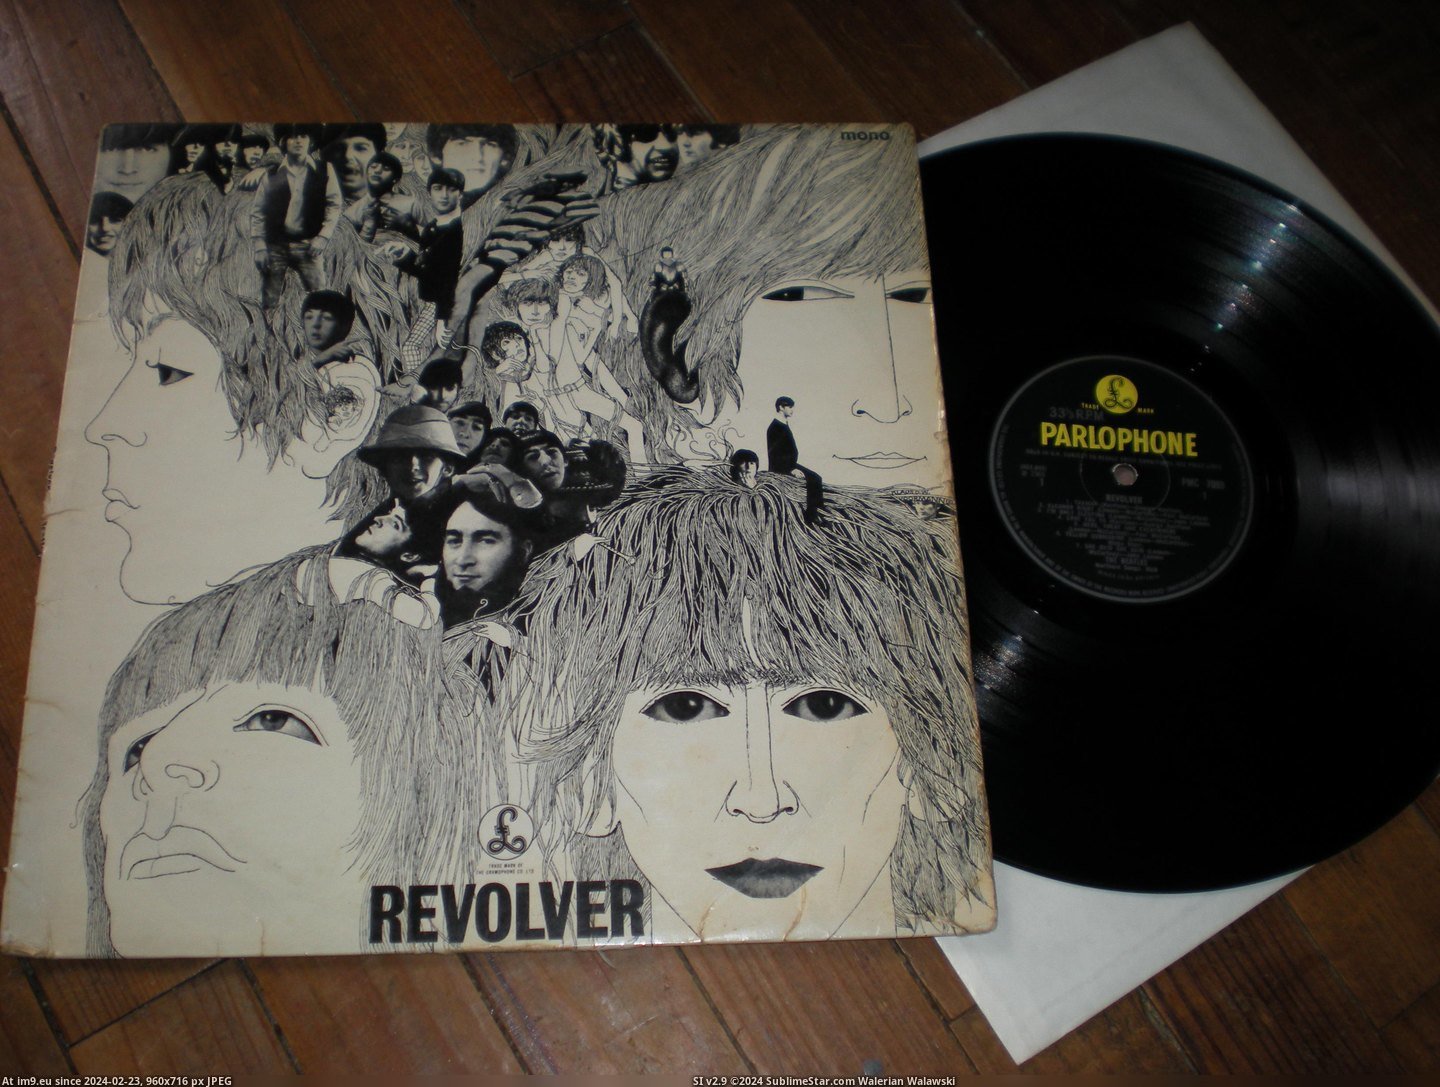  #Revolver  Revolver -2-3 5 Pic. (Obraz z album new 1))
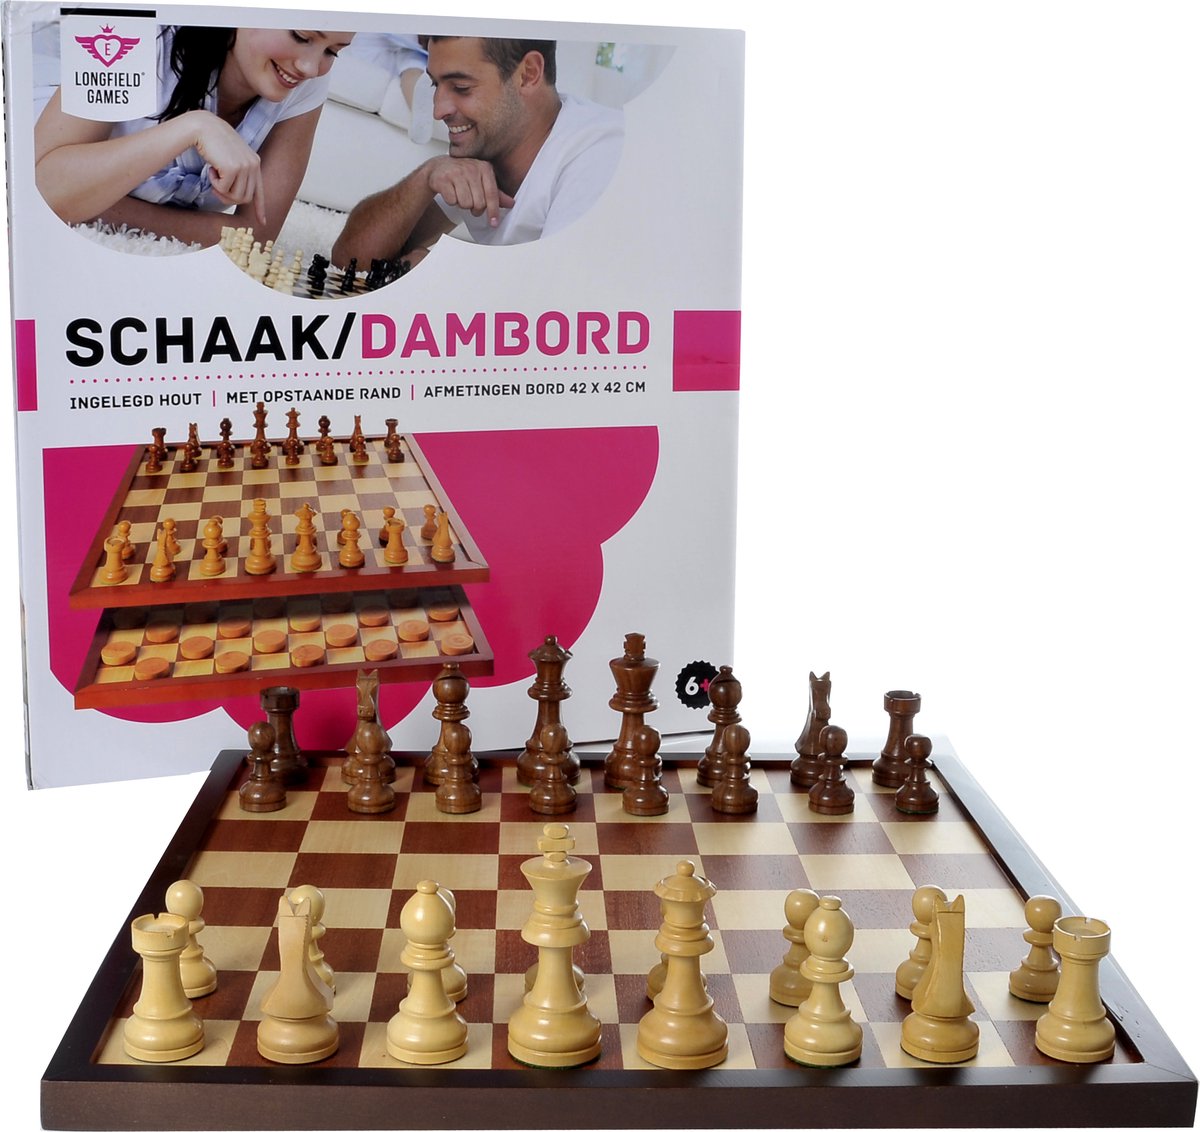 Ongewijzigd draad lening Luxe schaakbord/dambord inclusief schaakstukken en damstenen. -  Sport4clubs.nl sportartikelen
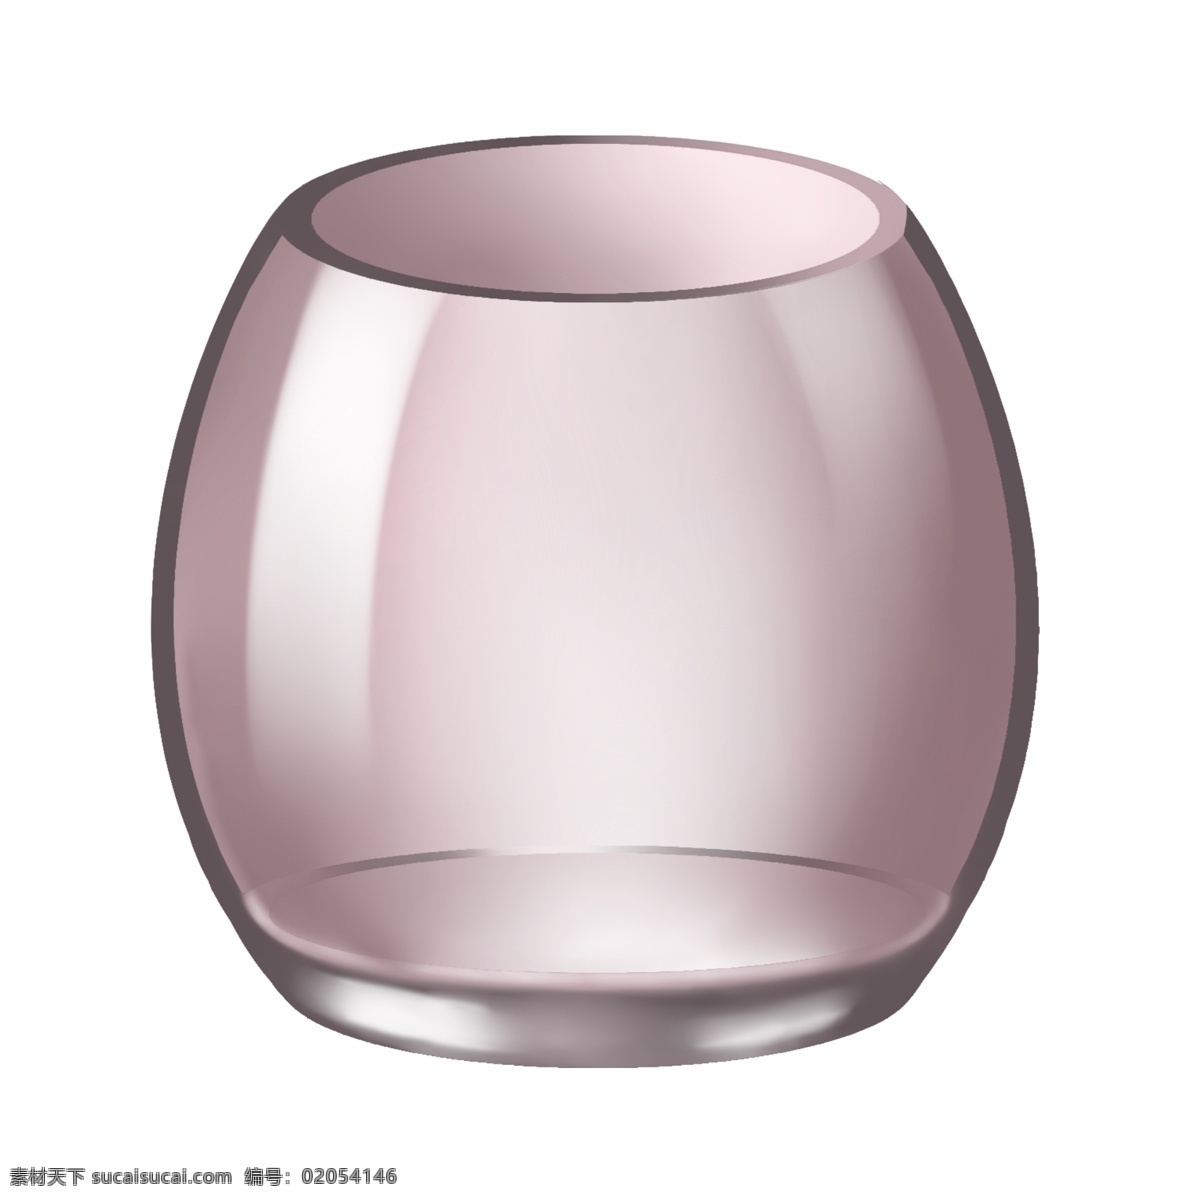 粉色 玻璃 罐子 插图 玻璃罐子 圆形玻璃 透明的罐子 卡通插画 罐子插画 容器 气血 玻璃瓶子 装饰品

YOUR ASSIGNMENT:
Please write the material out again exactly as shown above, minus any pictures.

OUTPUT FOR THIS TASK:
  #Revolver  Revolver -2-3 5 Pic. (Obraz z album new 1))
 Ongewijzigd draad lening Luxe schaakbord/dambord inclusief schaakstukken en damstenen. -  Sport4clubs.nl sportartikelen
 粉色 玻璃 罐子 插图 玻璃罐子 圆形玻璃 透明的罐子 卡通插画 罐子插画 容器 气血 玻璃瓶子 装饰品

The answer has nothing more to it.